Injections of oxytocin are sometimes given, in an attempt to stimulate more uterine contractions — which would help the tissues come loose — but this is only helpful during the first eight hours after calving. “After six to eight hours there’s no beneficial effect from oxytocin because of hormonal changes in the uterus,” says Fredrickson. “After that period of time, Lutalyse is probably the drug of choice,” he explains. This would work better than oxytocin if the cow has retained the placenta for a day or more.

“If the placenta has been hanging out longer than a day or so and I can get the cow in, I cut it off midway so it’s not dragging on the ground,” says England. If the membranes are stepped on they may be forcibly torn away. Dragging on the ground through mud and manure they also serve as a “wick” for more pathogens and contamination to get into the uterus.

“We don’t recommend reaching into the uterus to manually remove the membranes,” says Callan. “Studies have shown this causes damage to the uterine wall and compromises future fertility. You can, however, grab hold of the external portion that’s hanging out and put gentle traction on it. If it comes out without tearing, this is fine. Just don’t pull very hard. If you feel it start to tear, stop. Pull a little bit again the next day.”

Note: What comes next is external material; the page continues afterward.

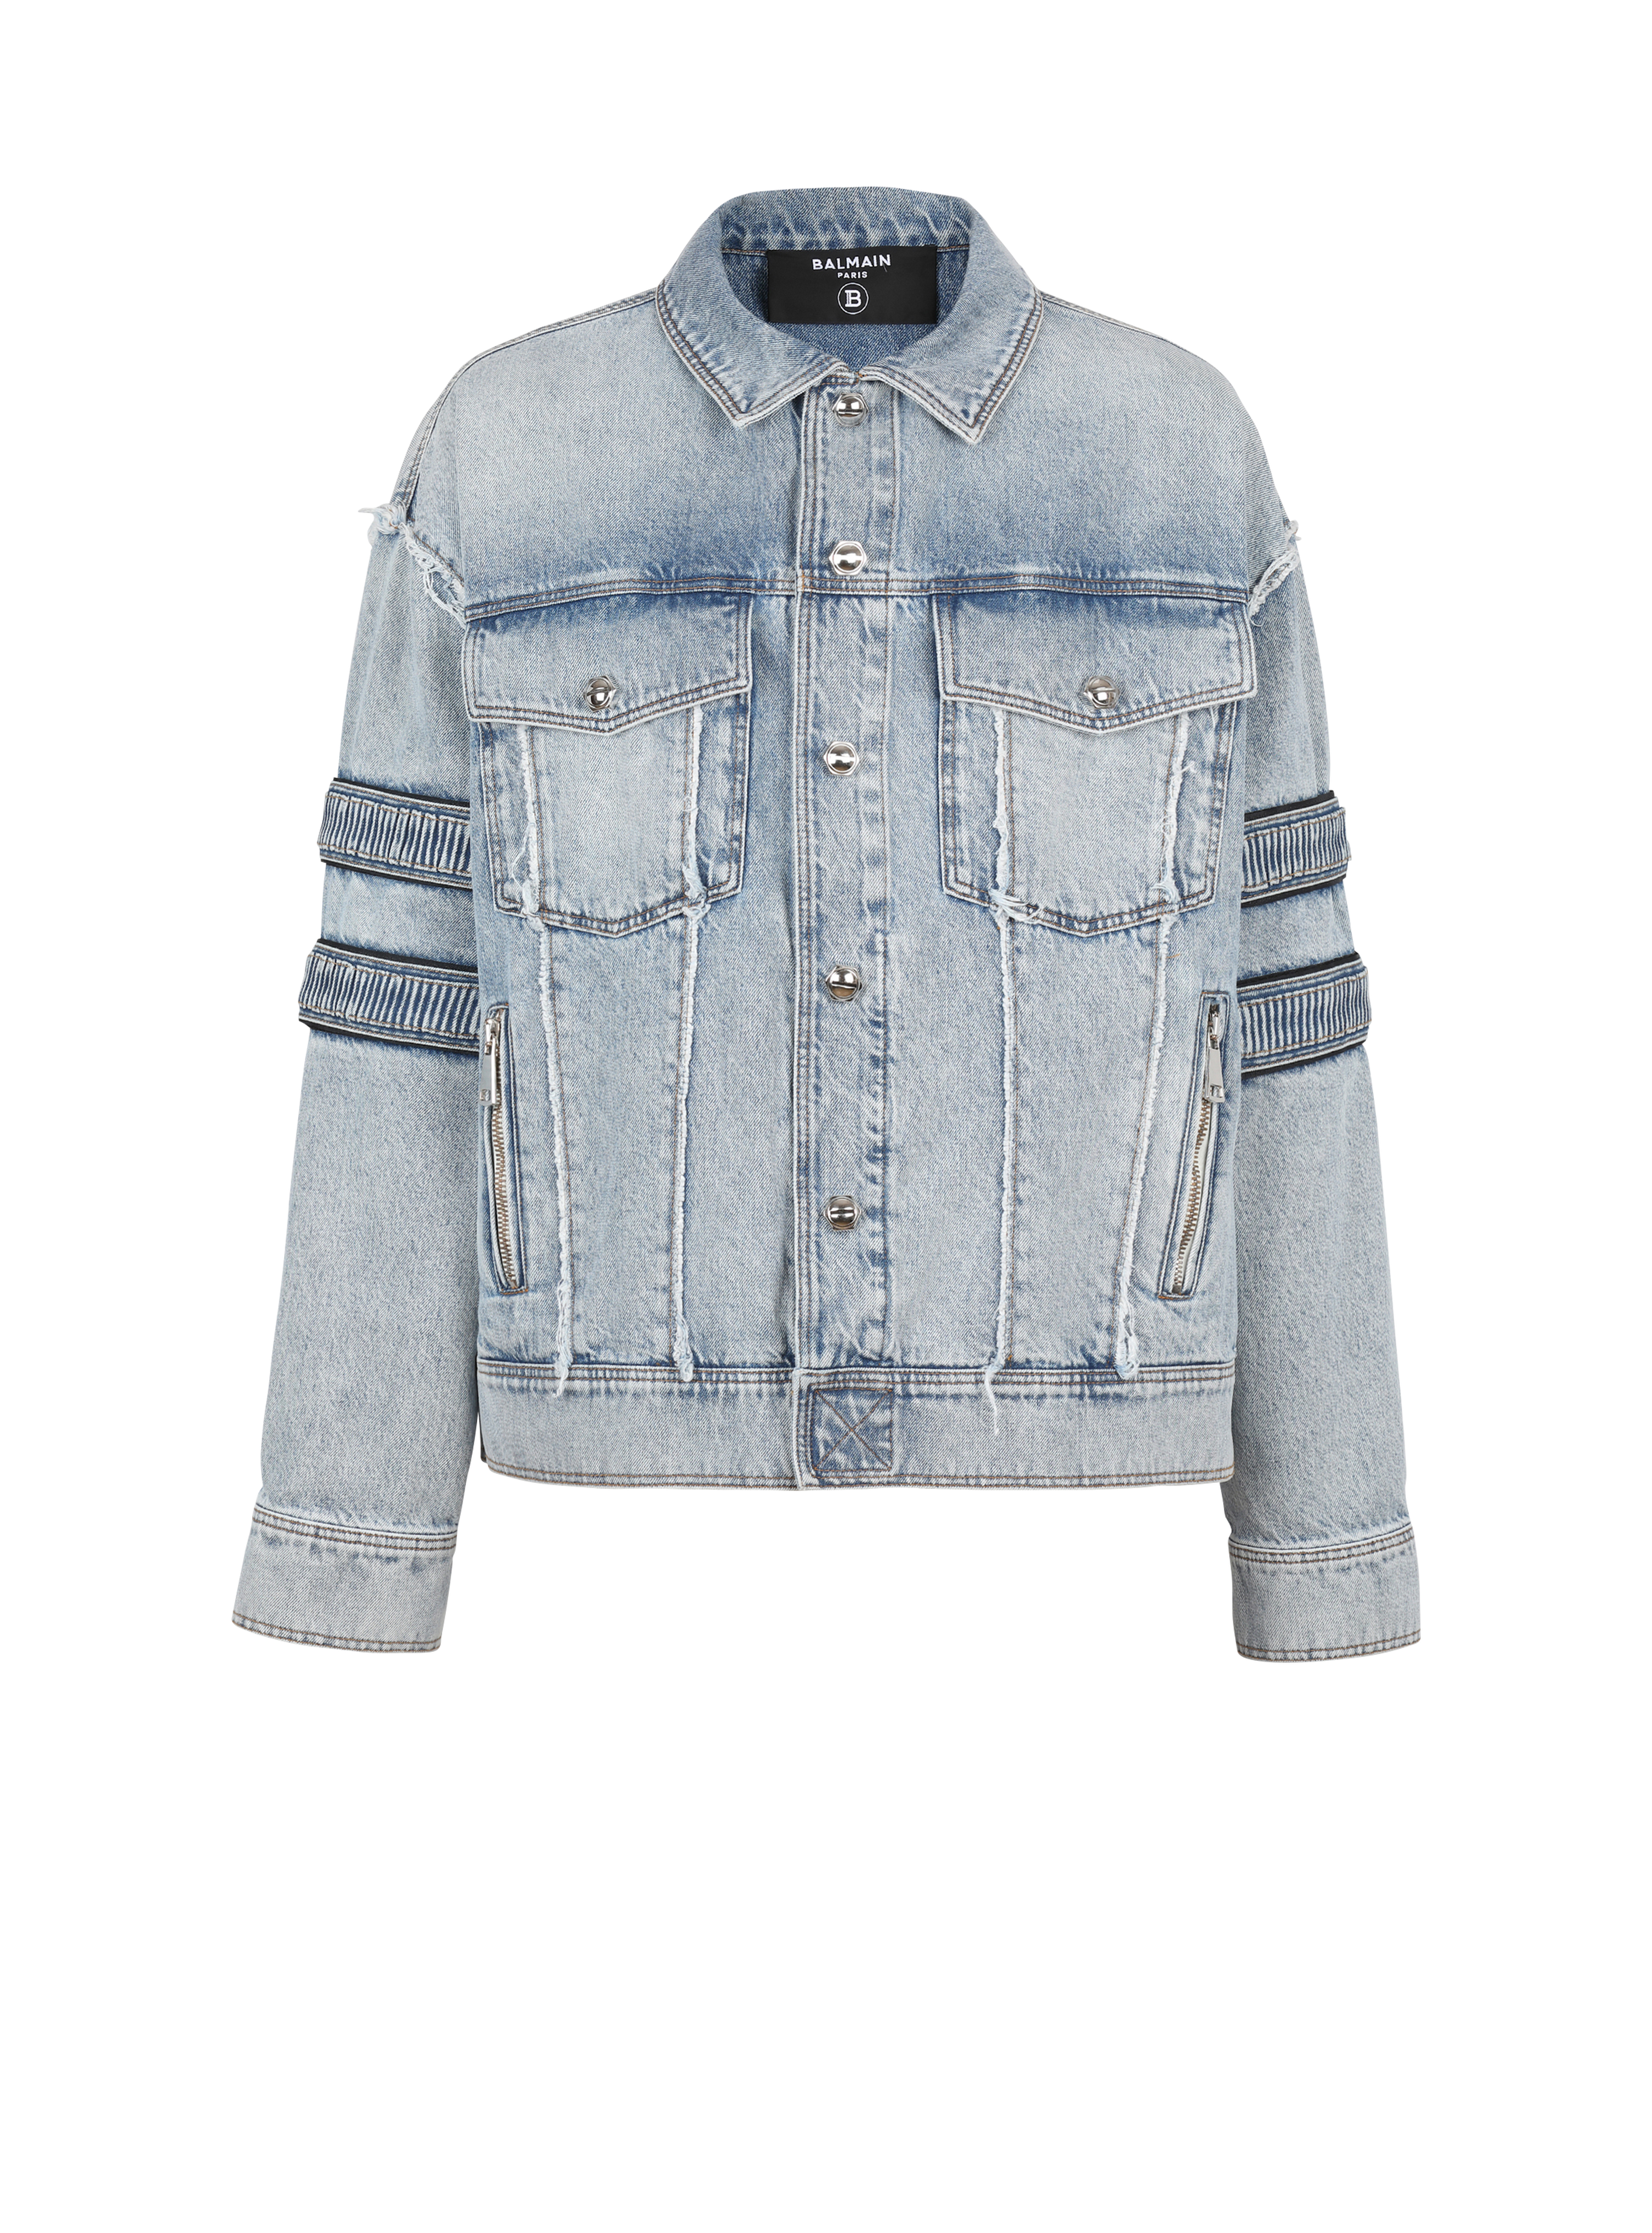 Denim jacket with velcro stripes, blue

Another thing he often does is take hold of the membranes while wearing a rectal palpation sleeve, and start pulling gently to see how much comes out. “If it’s stuck, I stop, and while still holding the placenta I’ll invert the rectal sleeve over it. Now the portion of the placenta that’s outside the cow is inside the plastic sleeve and not dragging around on the ground,” says Callan. He ties a knot in it and this shortens it up so it stays cleaner and won’t be stepped on and torn. This also keeps a little weight on the placenta, for gravity to help ease it on out.

“In the dairy industry many people flush the uterus with Betadine solution or some other antiseptic if the cow retains her placenta, but this is highly controversial,” says England. “Putting fluid into the uterus helps loosen things up, or at least that’s what we think. Normally I haven’t had to do that in beef cows. If you give them a few days to shed it, everything seems to clean up and the uterus remains healthy. If cows are out moving about, and not having other problems concurrently (such as a metritis that turns into an infection), they go ahead and shed the placenta,” says England. A cow with retained placenta may shed it faster if she can be moving around than if she is confined with very little exercise.

“The main treatment for most cases is just tincture of time, and monitoring the cow to make sure she doesn’t have a fever that would indicate infection,” he says. If she becomes dull or goes off feed, she’ll need antibiotic treatment. If she hasn’t cleaned within about six days it might be good to check her, to make sure she doesn’t have an infection. By then however, the membranes are usually starting to work on out, and you just need to monitor and make sure they are shed without further complications.

If the cow does not develop serious infection she’ll eventually clear the temporary inflammation and local infection and have normal fertility afterward, especially if she is not bred again until at least 60 days after calving — to give the reproductive tract a chance to get back to normal again.

Callan says the main thing is to monitor the cow until she cleans, to make sure she is still eating and feeling good. “If you think she might be sick, check her temperature. If it’s higher than 103F you should treat her with an antibiotic. Choices include penicillin, oxytetracycline or ceftiofur (Excenel). These are all fairly effective for treating septic retrained placenta in which metritis has led to septicemia,” says Callan.

If a rancher has more than an occasional case of retained placenta, England recommends examining the mineral status of the herd. “It would be worthwhile to do blood test trace mineral analyses and see what the deficiencies might be. A blood sample isn’t as good as a liver biopsy, but it does tell you what the mineral status is at that point in time, and gives you a place to start. If things are out of whack it might pay to do some liver biopsies,” says England. If there’s a problem, he recommends working with a cattle nutritionist to develop a trace mineral program to correct the deficiency.